In the 25 years since I came out to my parents, my dad has told me almost annually of the relief and jubilation he privately felt each time one of his daughters moseyed out of the closet. His foremost concerns, then and now, were about our safety, namely gay-bashing and his enduring fear that societal prejudice would make our lives much harder than if we were straight. But if there was a silver lining to two-thirds of his daughters being gay, and he insisted there was, it was liberation from worrying about all the vile boys and men we might have otherwise encountered along the way.

How my father, whose younger sister faced considerable harassment, some of it sexual, after coming out as a lesbian, could be so unsophisticated about such matters was beyond me. Lesbians are still women, after all, even if we don’t always meet his exacting beauty standards.* I listen to his Margaret White spiels about how terrible men are, nodding and laughing at the appropriate parts, and don’t puncture his delusions, even now, at 42, by saying “Dad, I hate to tell you this, but being a teenage lesbian didn’t repel creepy men — it just made them creepier.”

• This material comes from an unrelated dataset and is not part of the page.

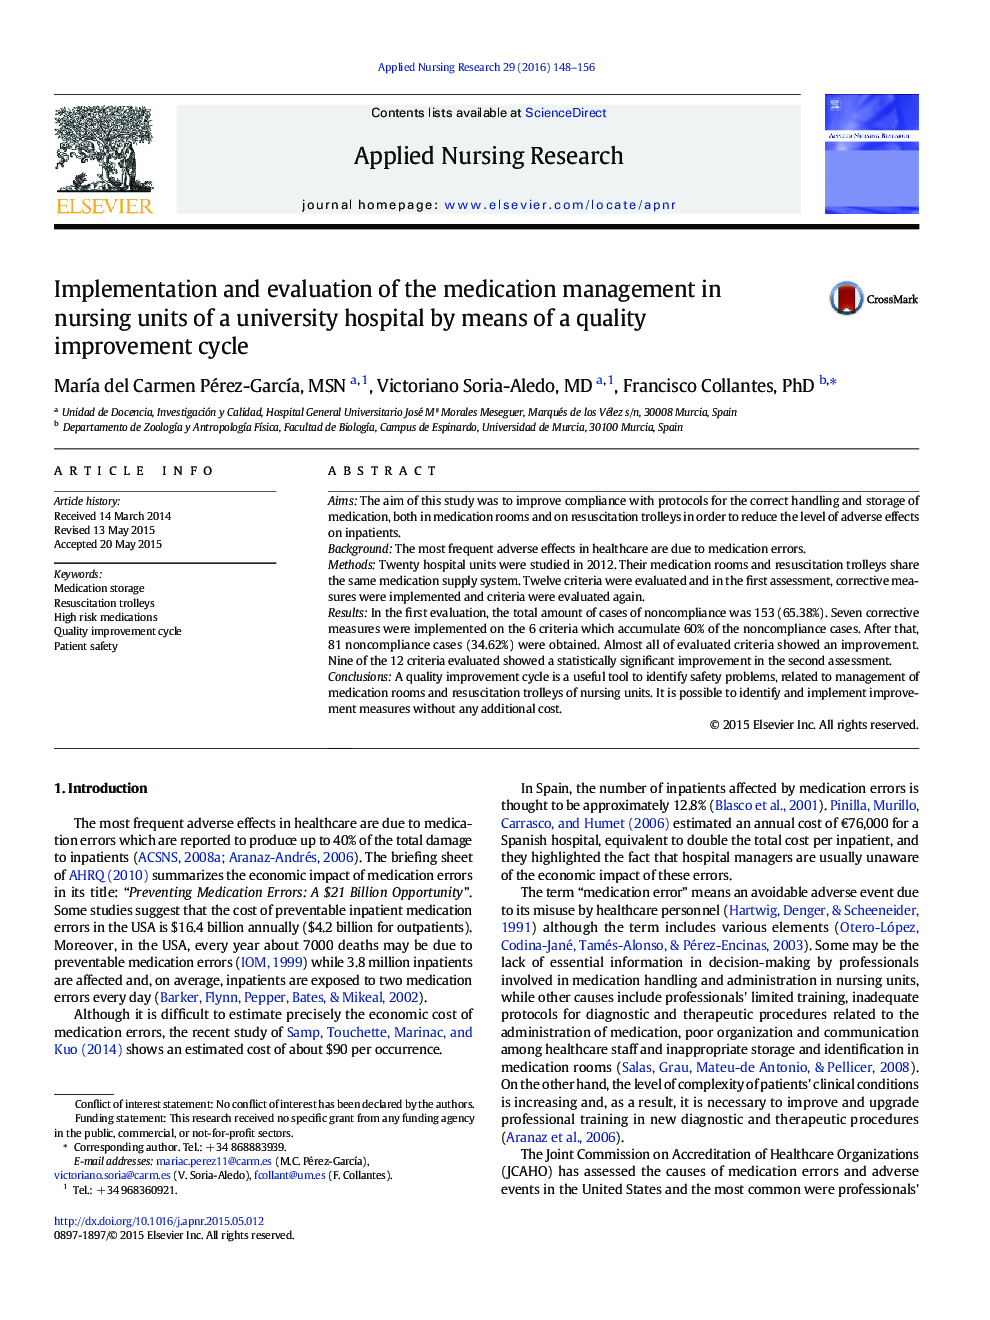 اصل مقاله اجرای و ارزیابی مدیریت دارو در واحدهای پرستاری بیمارستان دانشگاه با استفاده از چرخه بهبود کیفیت

He doesn’t need to know that I was 16 the first time a married man unsuccessfully tried to interest me in a threesome with his bicurious wife, or how many times the average lesbian hears “You haven’t been with a real man. I can turn you straight…” in her life.** Nor did I have the heart to shatter another cherished myth that once helped him sleep better at night, by regretfully informing him that young women aren’t that much different than young men — they want the ‘one thing’ guys want, along with our very souls.

* My dad is related by blood and marriage to assorted lesbians who wear makeup, who wear dresses, and who spend way too much time on their hair, but he’ll still tell you with a straight face that all lesbians look like Rosie O’Donnell. As recently as 2019, he told me the CW series Batwoman wasn’t believable because its lead actress, Ruby Rose, was “too pretty” to be a lesbian. Rose was, as I reminded him, openly lesbian, but he’s not the most detail-oriented guy.

** And that was before creepy men started wearing Hot Topic dresses and calling us bigots for not wanting to sleep with them. (Here’s the obligatory disclaimer that there’s nothing inherently creepy about trans women. But there is something creepy — and not even slightly feminine — about bullying, manipulative incels who rail against “genital preference” in their homophobic, misogynist screeds about natal women who don’t want to sleep with natal men. I feel just as strongly about trans men who cry persecution when gay men don’t hit them up on Grindr, though I doubt angry 5’1″ trans guys make gay men feel physically intimidated.)